### Source material
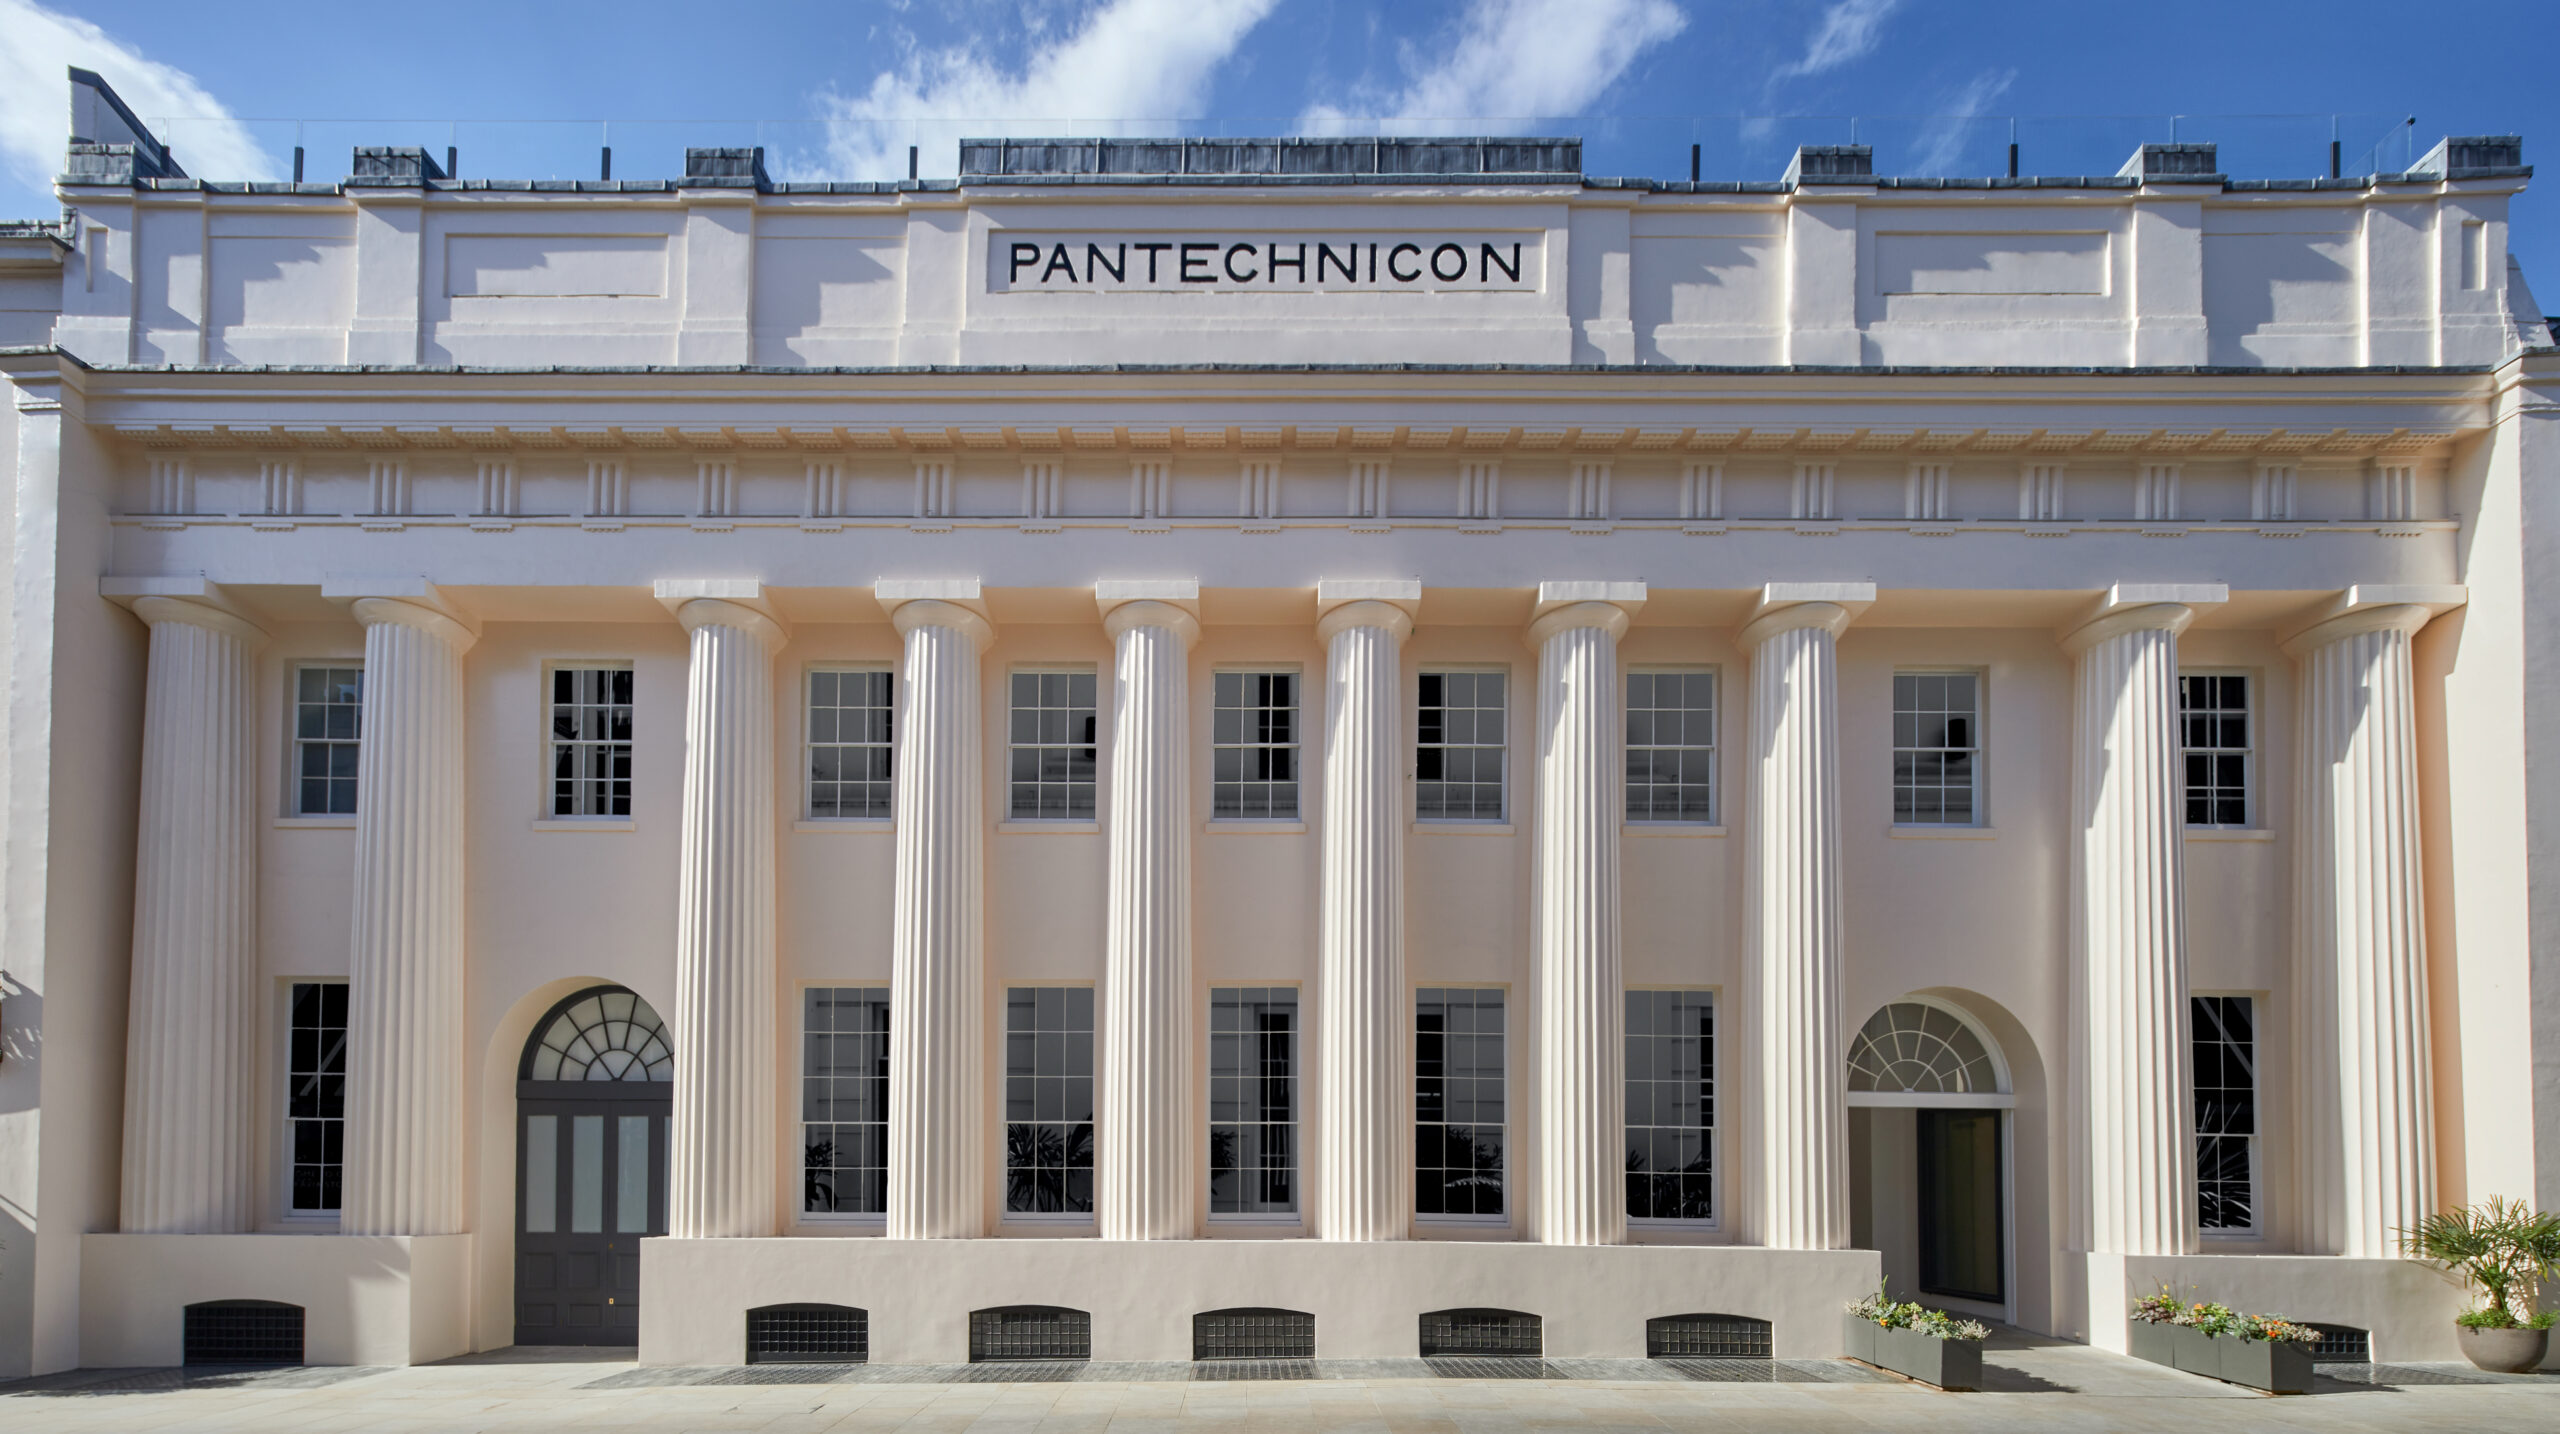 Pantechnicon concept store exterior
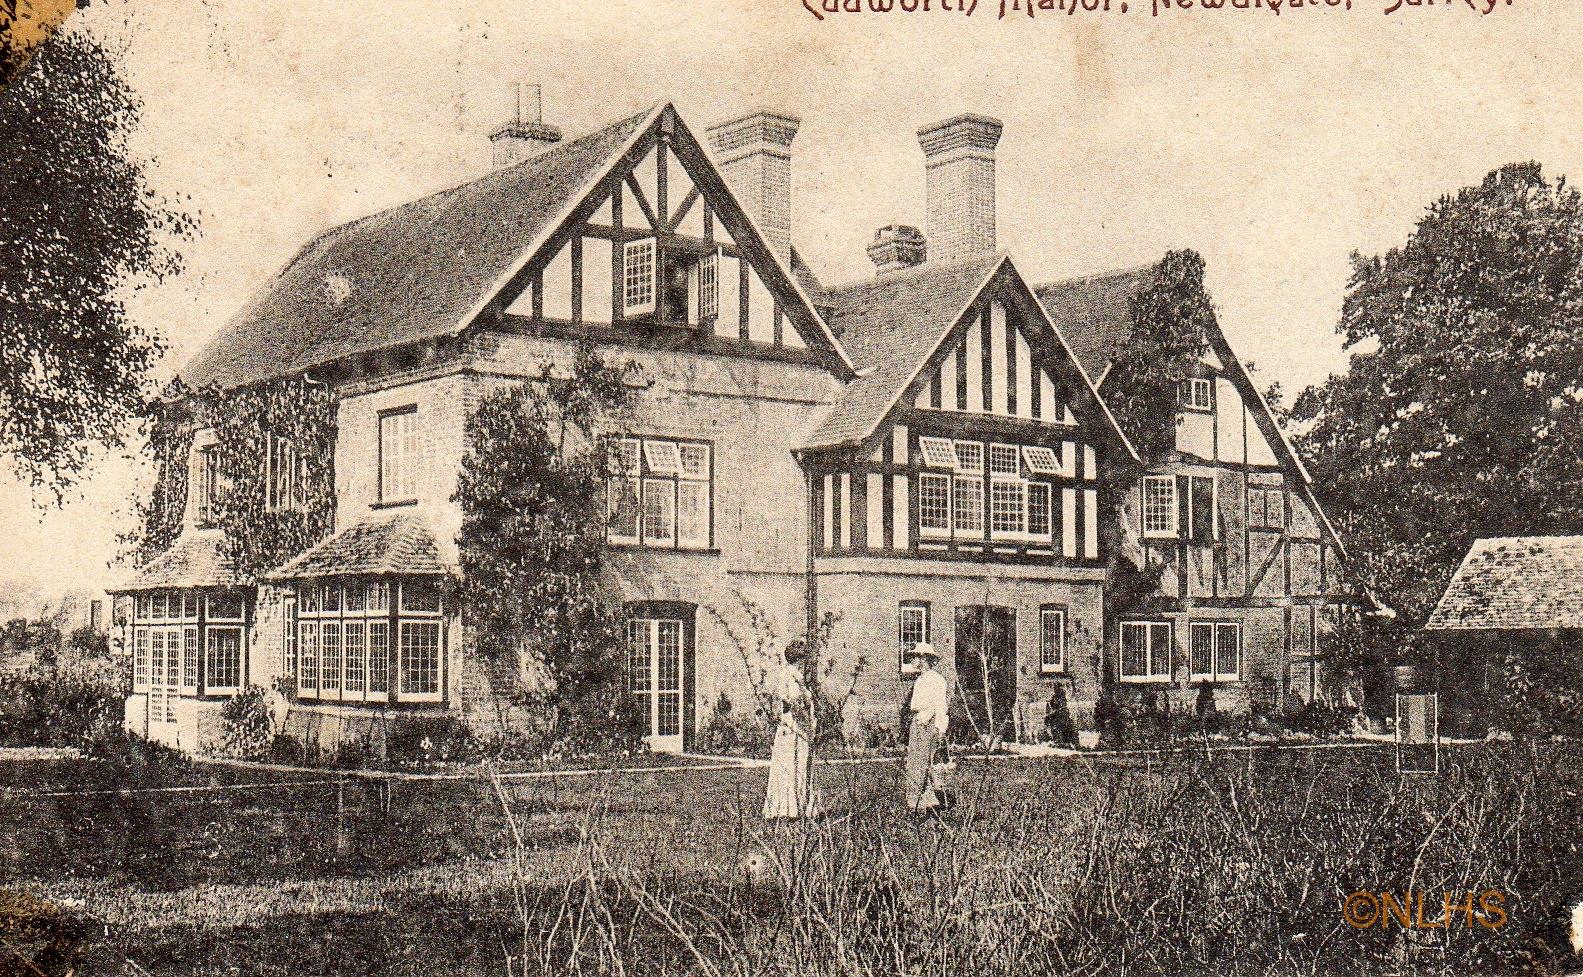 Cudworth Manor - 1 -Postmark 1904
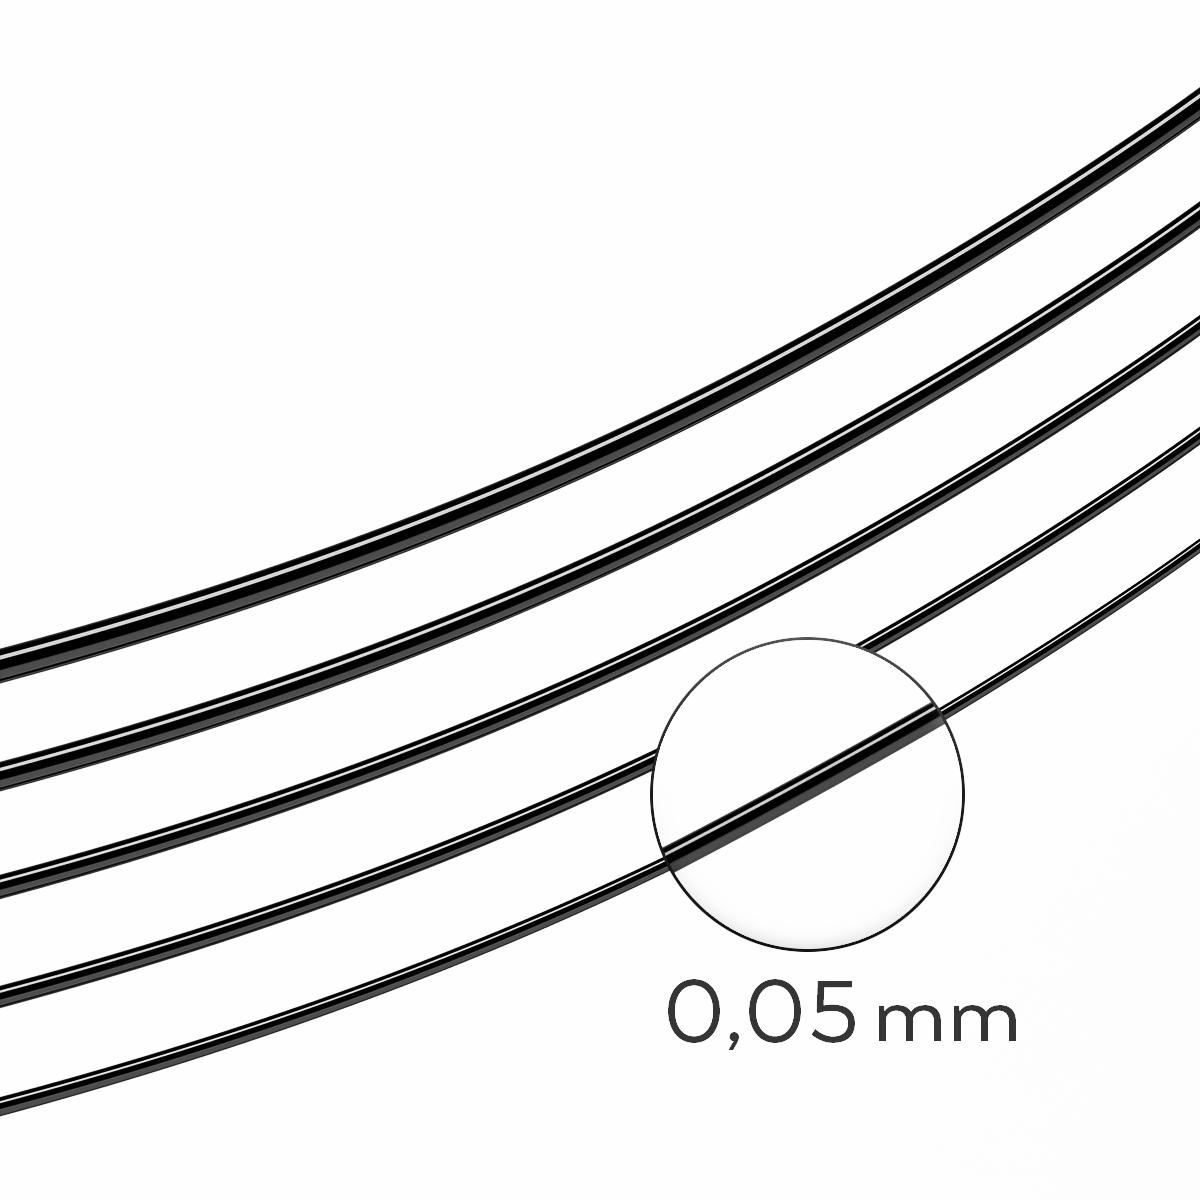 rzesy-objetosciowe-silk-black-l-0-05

### Problem
Only the lines from the one containing "Cudworth Manor - 1 -Postmark 1904" through the end of the data above are to be output, exactly and without pictures.

### Your response
 Cudworth Manor - 1 -Postmark 1904
 rzesy-objetosciowe-silk-black-l-0-05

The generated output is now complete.